Dominic Waughray of Nigeria’s Business Day Newspaper (May 4, 2011) looks ahead at the December 2011 United Nations annual conference on Climate Change to be held in Durban (South Africa), in relation to the much hyped Green Climate Fund (USD 100 bn per year by 2020) agreed at the Mexican-climate talks in Cancun in 2010.

He cautions that although it sounds a lot, US$100bn per year simply won't be enough to pay for the transition to a resilient, low carbon economy, even if all the money were just for Africa. For example, leaving aside the cost required to pay for the damage climate change will cause, US$100bn will not cover the cost of investing in cleaner, more widespread energy systems across the continent.

Dominic rightly ponders on the question: How best to design the Green Climate Fund to ensure that Sub Saharan Africa and other developing regions can make most use of the US$100bn a year that richer countries promised will be available annually by 2020?

Dominic suggests that to be of maximum use, the US$100bn of overseas assistance on offer within the Green Climate Fund will need to be used to attract other forms of investment into the renewables markets in Africa, particularly from the private sector.

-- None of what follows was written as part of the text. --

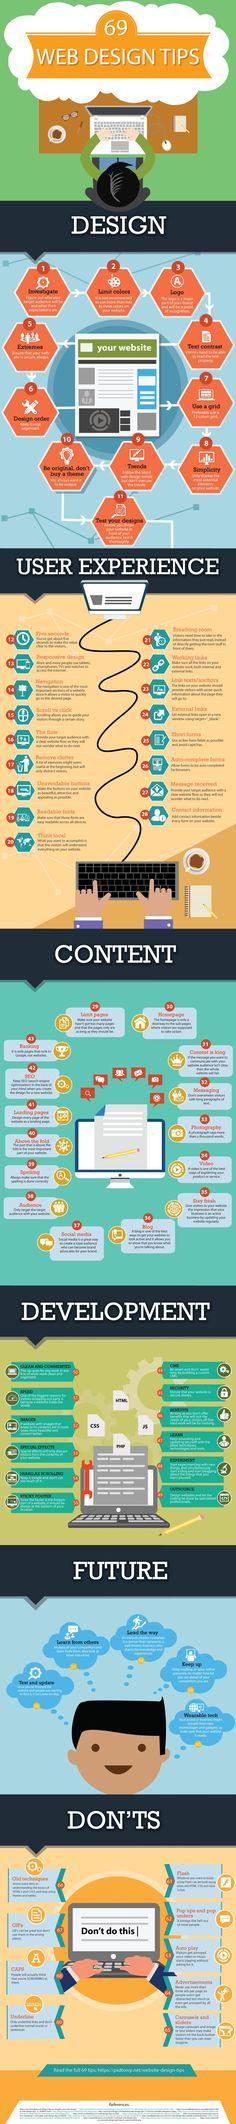 69 #WebDesign Tips [#infographic]

He recommends using the US$100bn of public money to draw in a much greater private capital flow from domestic and international markets based on ‘blended public-private’ investment activities. Not only does this create an upscale in clean energy investment projects that help to reduce emissions, it also helps with energy access, an important issue for Africa. Many more decentralised solar projects, for example, could be financed, if ways of aggregating investment risk to the private sector can be identified. A further benefit is of course, that these investments would not be delivered as overseas aid, but instead as on-the-balance-sheet investments, which would boost GDP and stimulate international partnerships with the private sector in investment and technology. In this way, emissions reduction targets become reformulated as GDP enhancing "green-growth" strategies - an economically attractive, growth-orientated path for African countries, and others, to pursue.

But then, Dominic puts across a (readiness) question for Africa: what sorts of economic and industrial policies might African countries develop in order to attract these green investment partnerships, and what role can richer countries play through the Green Climate Fund and other instruments, to provide aid funds to help speed this up?